Глава 21. Колымская земля

22 июля 1949 года. 08 часов 01 минута по местному времени.

"Магаданская транзитка", четвертый километр.

* * *

В бухту Нагаево мы прибыли рано утром. Пирс номер пять, который прославился как место высадки заключенных, принял нас, и колонны с зэка начали выгрузку на причал.

Нас выстроили, как везде было принято в колонну по пять и мы двинулись от причала по главной улице Магадана, проспекту Ленина. Я представил, что чувствовали пленные гитлеровцы, когда их провели по улицам Москвы в 1944 году.

Но на наши уныло бредущие колонны никто особого внимания из жителей Магадана не обращал. Настолько это было обыденно, что вид зэка, идущих под конвоем, никого не удивлял.

Магадан к тому времени был уже большим городом. В его центре находилось множество административных зданий.
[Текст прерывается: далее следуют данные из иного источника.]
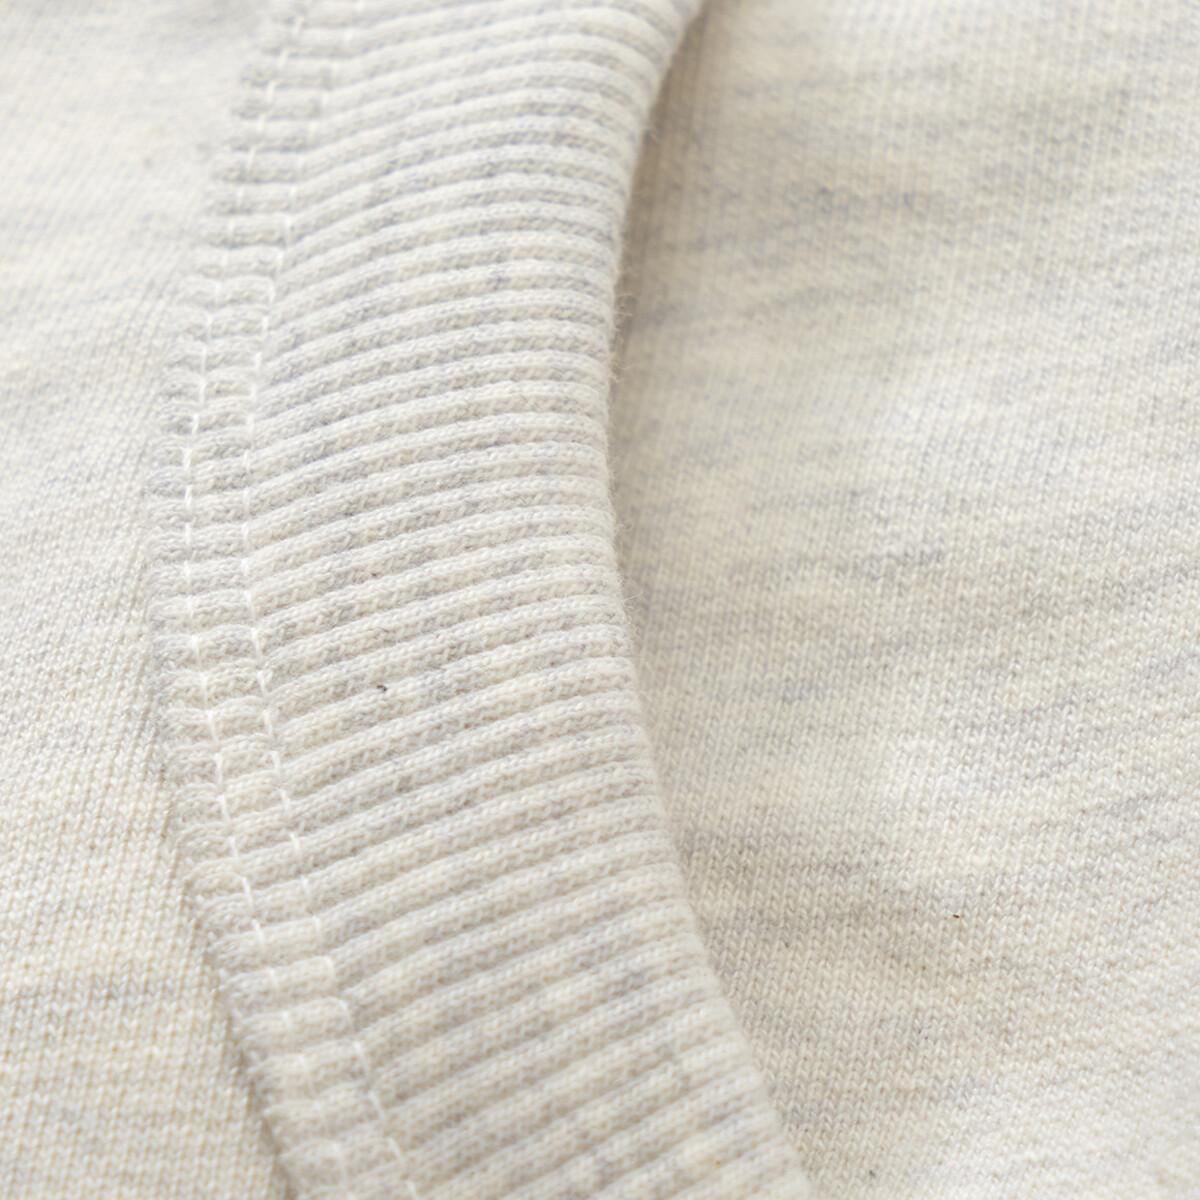 Bild 5 von Mädchen Sweatkleid mit Kängurutasche

По окраинам Магадан был, конечно, беднее, там располагалось бесчисленное количество бараков и частных домиков причудливой архитектуры, сараи и различные пристройки.

Колонна дошла до санпропускника, где нам, грязным, вонючим, наконец, разрешили помыться, а наши вещи забрали на прожарку.

После этого нас, весь этап, снятый с парохода, направили в Магаданский постоялый двор[212] который находился на четвертом километре Колымской трассы. Иначе его звали "Магаданская транзитка". Лагерь этот был совсем не маленький. Не такой большой, как в Ванино, но много больше большинства ИТЛ. Нашу первую колонну, состоящую из законников, разделили на четыре части и мы двинулись по шоссе. Когда нас ввели в лагерь, нам пришлось пройти вдоль проволоки, за которой стояли отошедшие воры. Они нас встретили свистом, улюканьем и оскорблениями. Они бросались на колючую проволоку, как гиббоны, словно собираясь порвать ее, ревели как оголтелые быки и грязно матерились.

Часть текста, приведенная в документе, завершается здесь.